### DESCRIPTION OF THE TASK
Write out exactly the lines below starting at the one containing "Roll-Arena - Elyria, OH" and ending at the one containing "MARS-RESORT-1__Battlestar-Galactica__Elon Musk". Omit every picture.

### EXCERPTED DATA
####

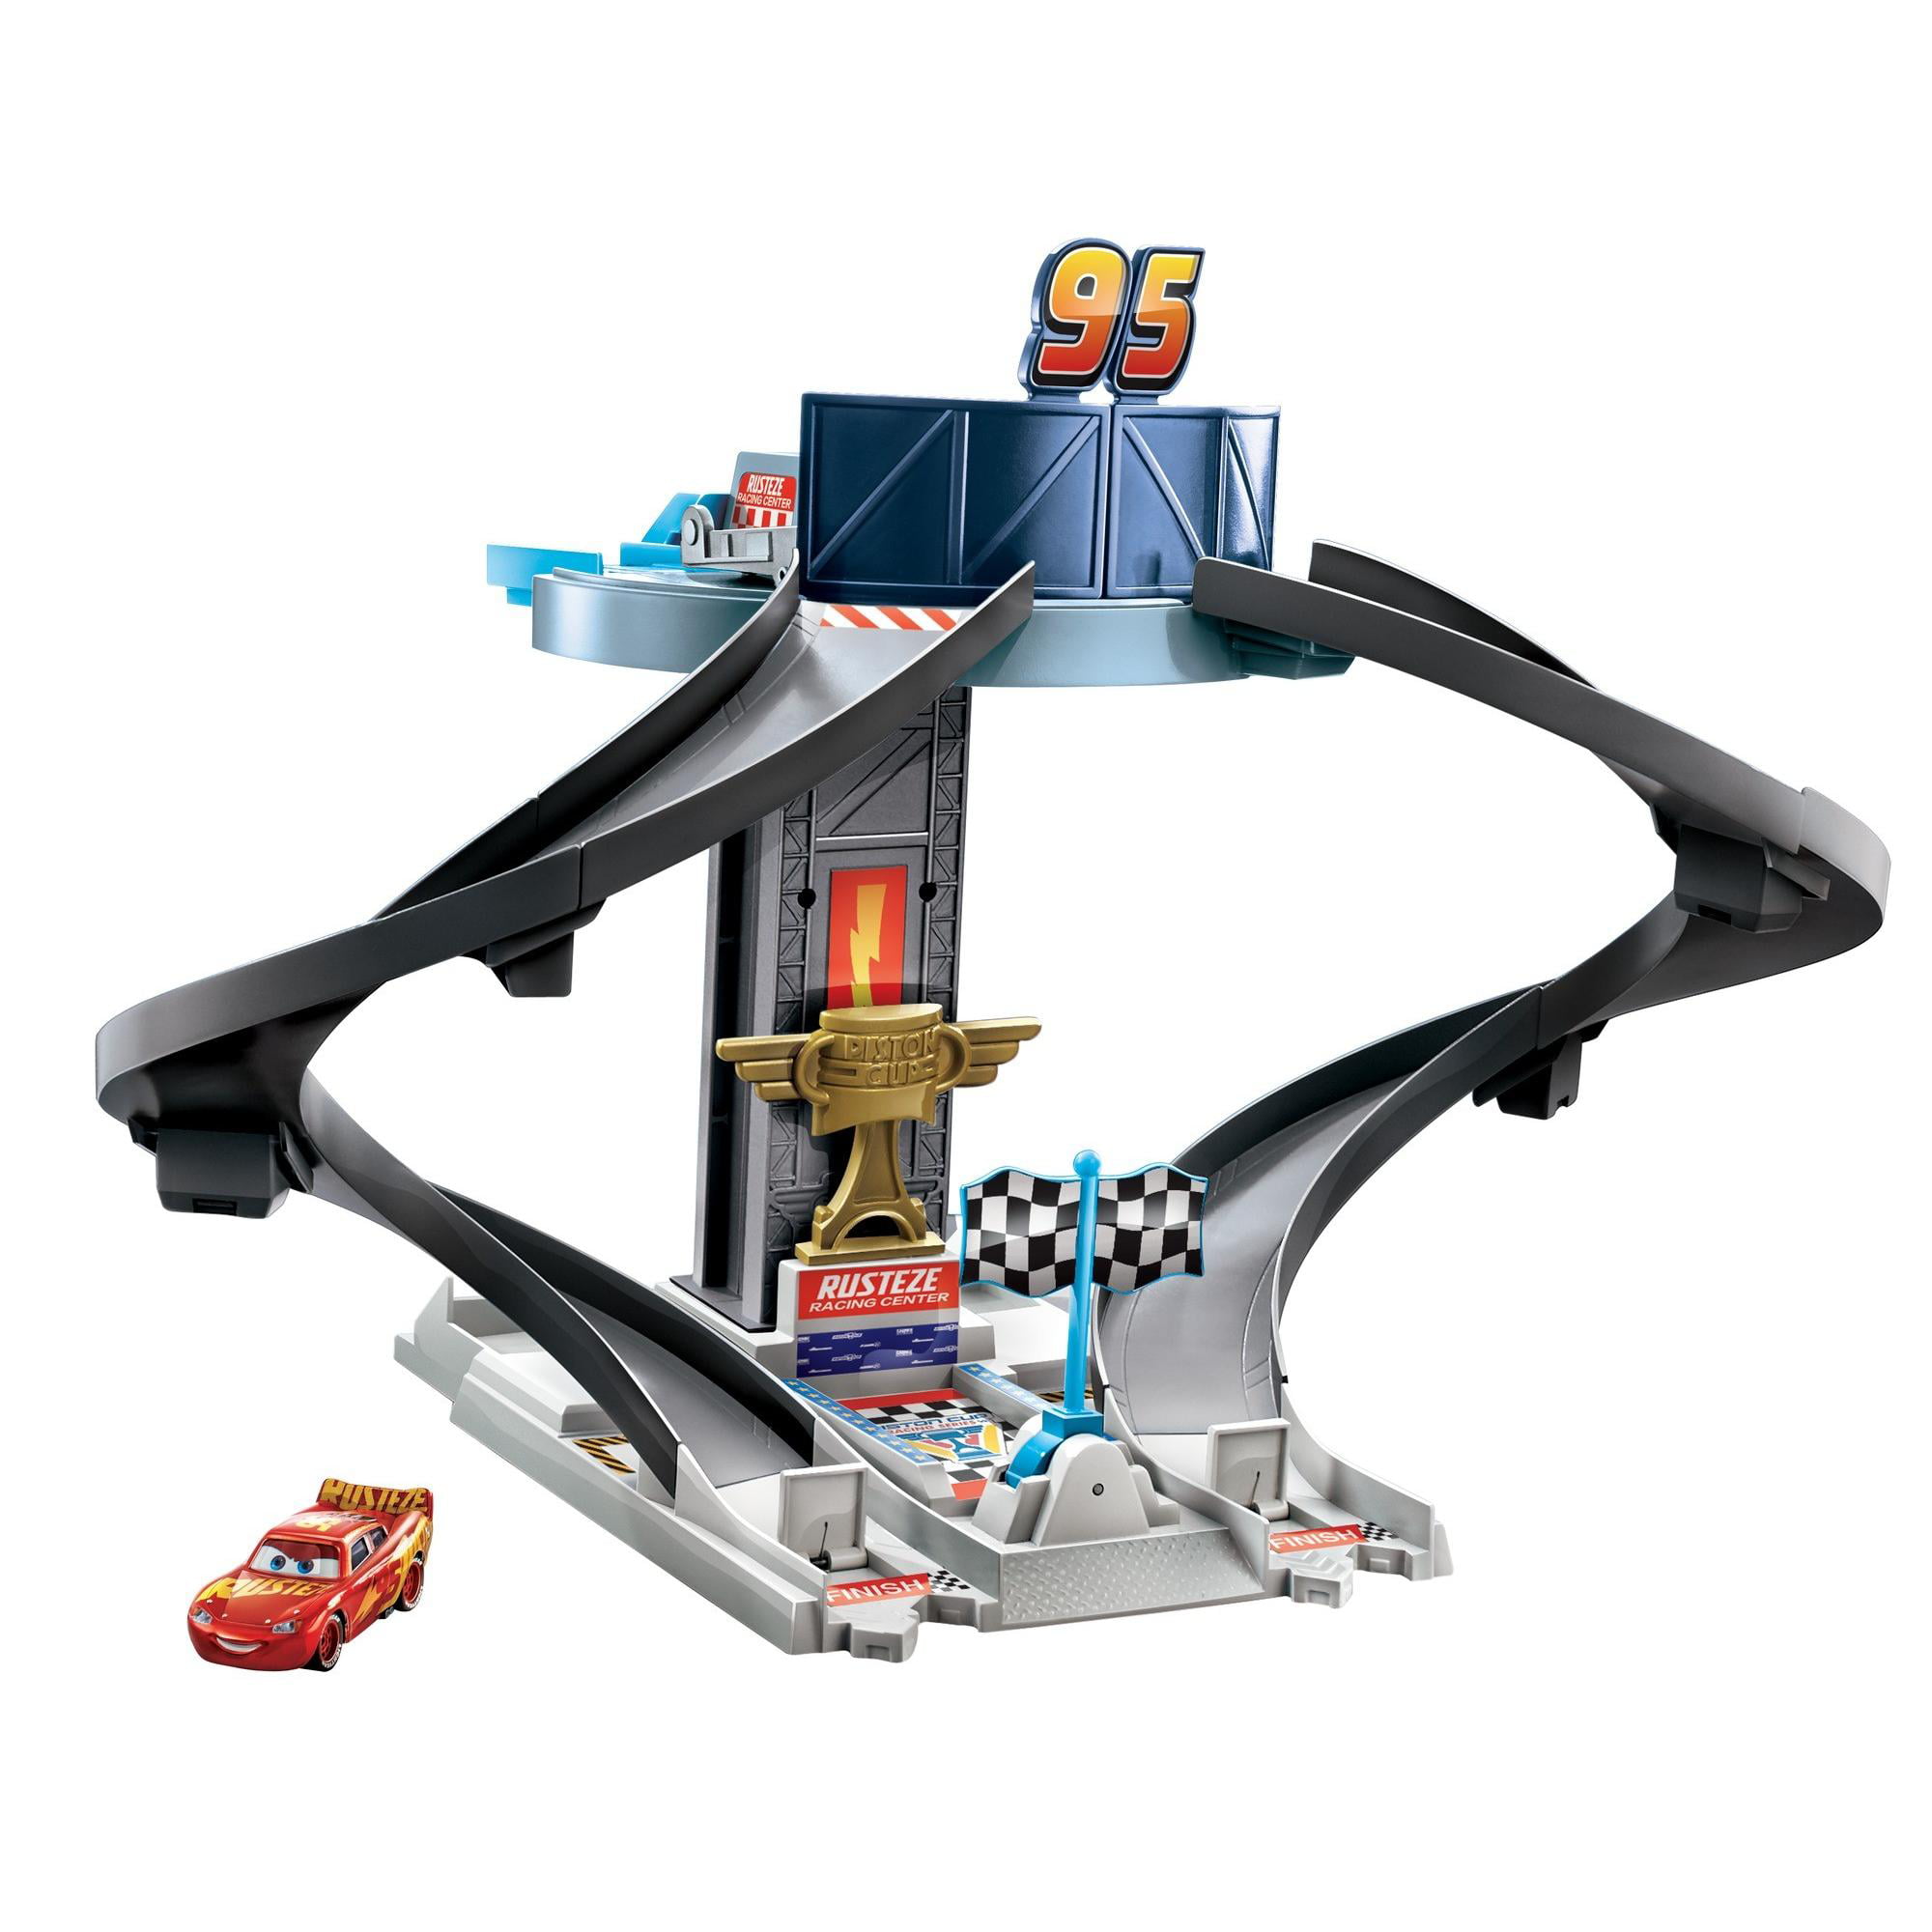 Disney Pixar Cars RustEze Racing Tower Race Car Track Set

####

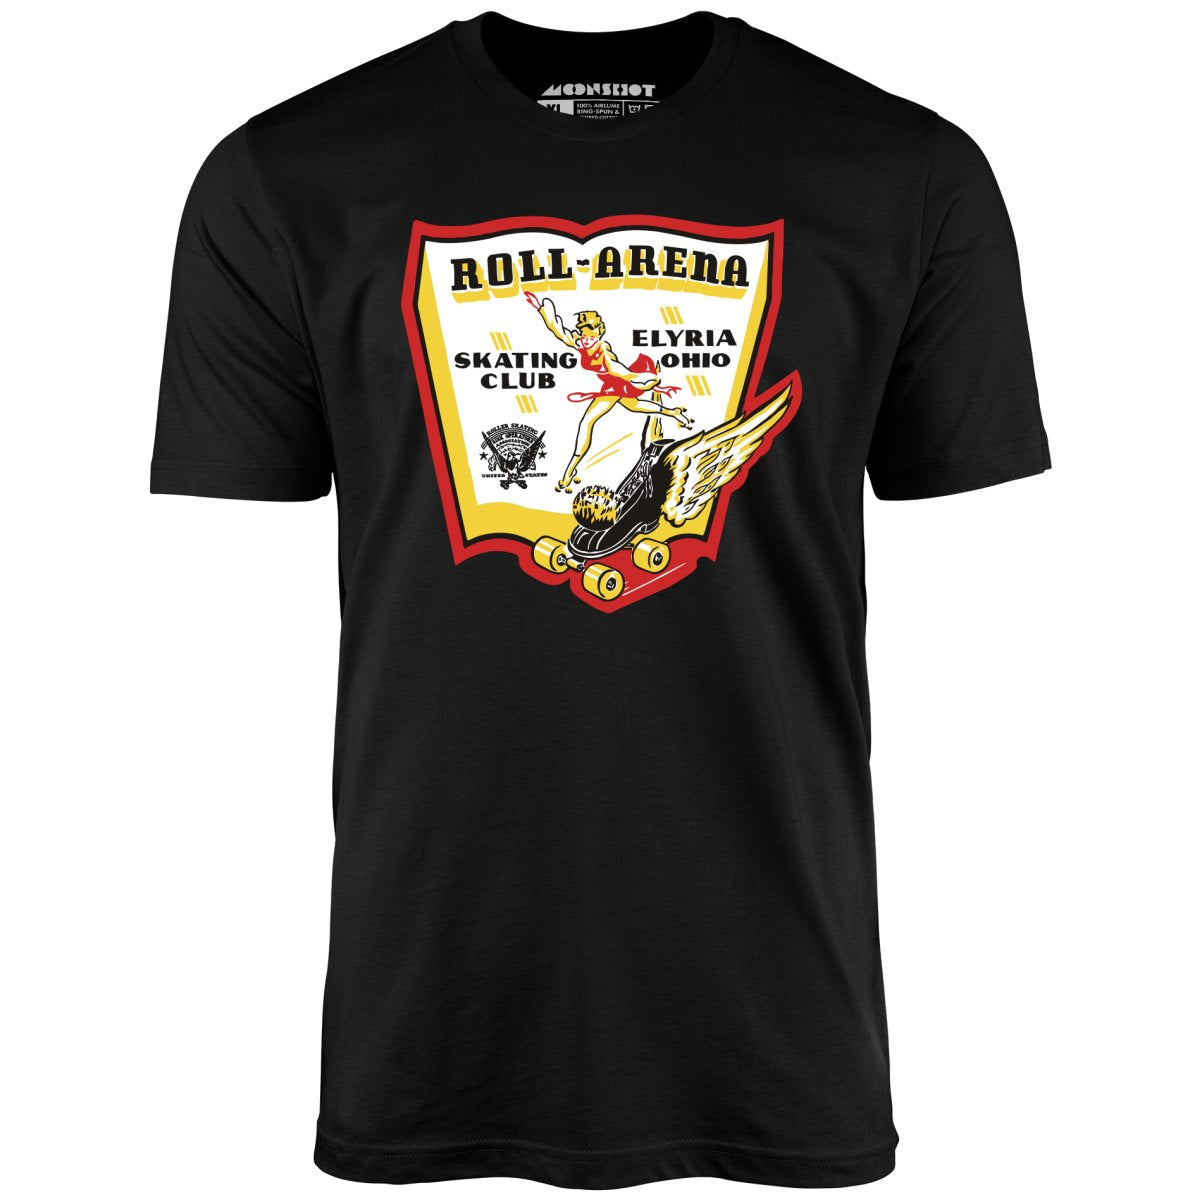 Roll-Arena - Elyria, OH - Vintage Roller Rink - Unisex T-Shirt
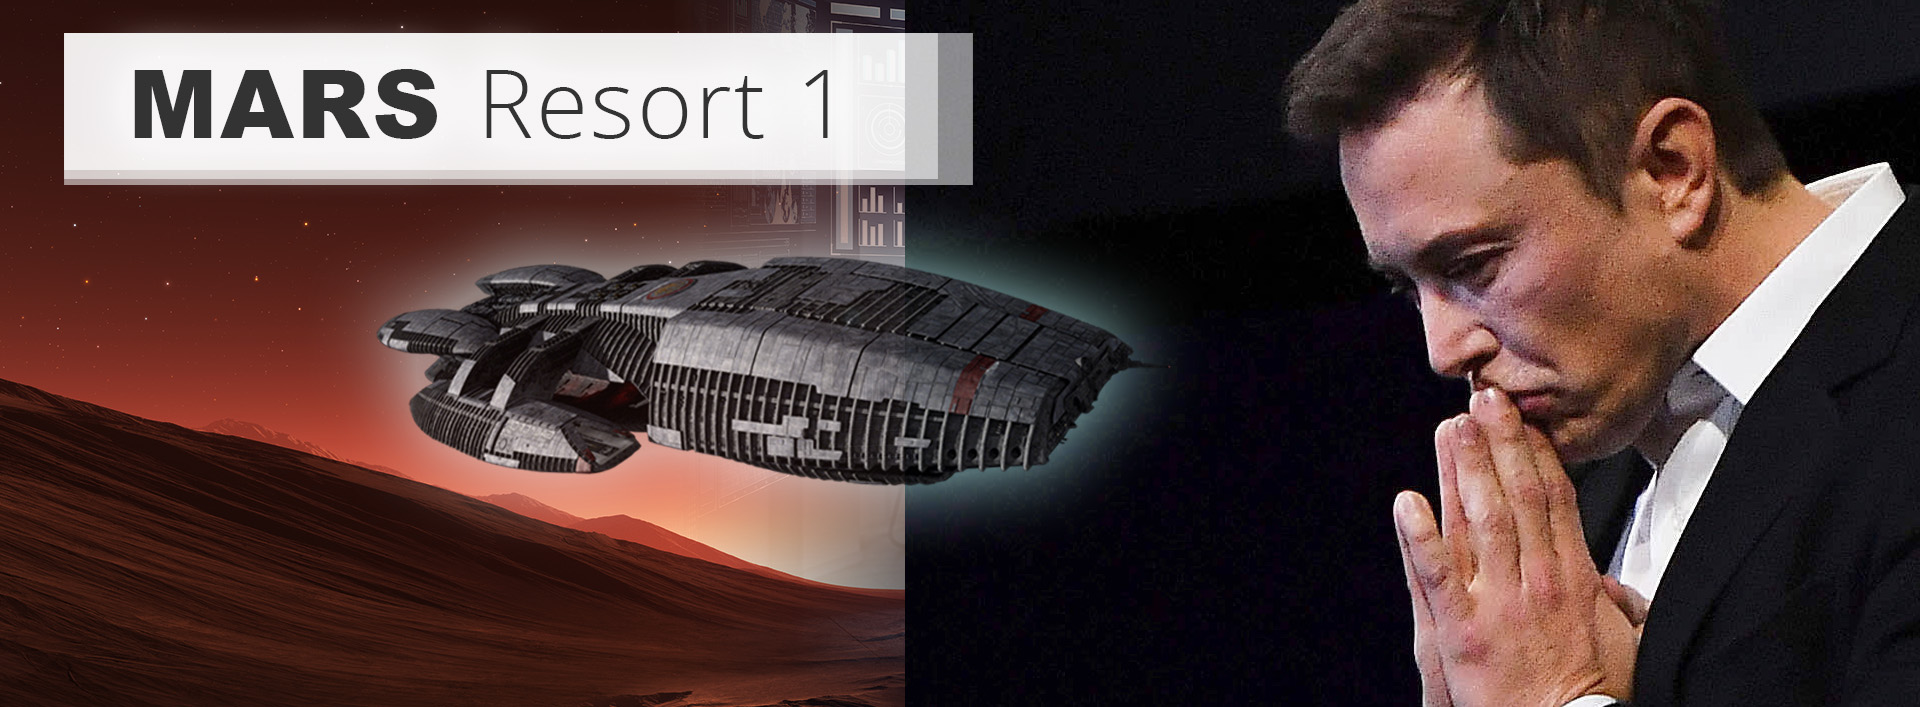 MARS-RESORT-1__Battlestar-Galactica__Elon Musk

####

### YOUR SOLUTION
 Roll-Arena - Elyria, OH - Vintage Roller Rink - Unisex T-Shirt
 MARS-RESORT-1__Battlestar-Galactica__Elon Musk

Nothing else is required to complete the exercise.